Gérard Rondeau (1953 – September 13, 2016) was a French photographer. He took photographs of World War I battlefields in his native Marne, the Reims Cathedral, and black-and-white portraits of celebrities and authors. His photography was exhibited both in France and internationally. He was the recipient of an award for his work. He was the illustrator of over 20 non-fiction books.

==Early life==
Gérard Rondeau was born in 1953 in Chalons-sur-Marne (now known as Chalons-en-Champagne) in France. His parents were schoolteachers.

==Career==
Rondeau worked at the Alliance Française in Colombo, Sri Lanka, in the 1970s. He was inspired by a collection photography of Henri Cartier-Bresson he found in their library. He first took photographs of the Reims Cathedral and battlefields from World War I in his native Marne. He was best known for his black and white portraits of celebrities and authors. Over the years, he took photographs of celebrities including Iggy Pop, Clint Eastwood, Peter Falk, Christian Louboutin, Serge Reggiani, Christian Lacroix, Jean Paul Gaultier, Geraldine Chaplin, Isabella Rossellini, Paul Bowles, Alain Bashung, Pierre Soulages, Jacques Derrida and Jim Jarmusch.

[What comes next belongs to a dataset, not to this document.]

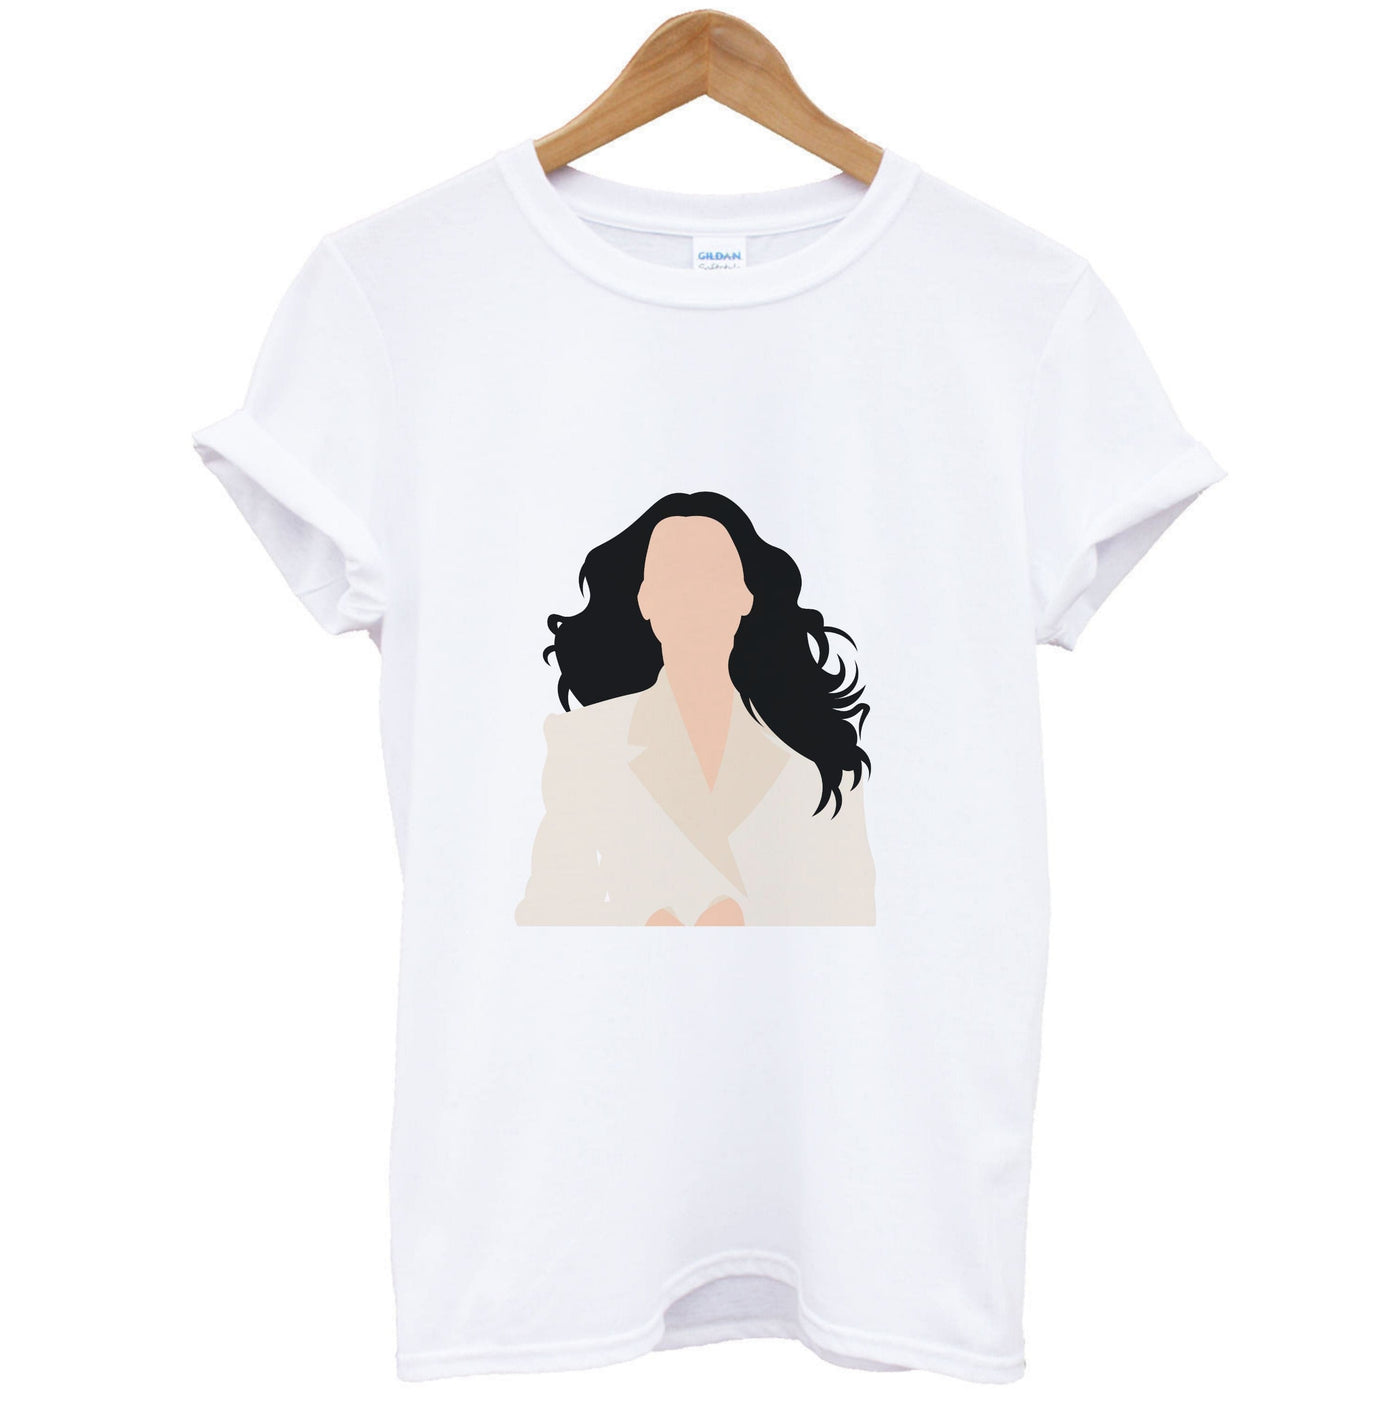 Her - Katy Perry T-Shirt

His photography was exhibited at the Grand Palais and the Maison européenne de la photographie in Paris. It was also exhibited at the Martin-Gropius-Bau in Berlin; Musée de l'Élysée in Lausanne, Switzerland; the National Gallery of Indonesia in Jakarta, as well as other museums in Rome, Sarajevo, and New York City.

Rondeau was the author of more than fifteen books. He travelled to Yugoslavia with Médecins du Monde during the wars of the 1990s, and later published his diary about his experience. Many of his photographs were published in Le Monde over the course of 20 years.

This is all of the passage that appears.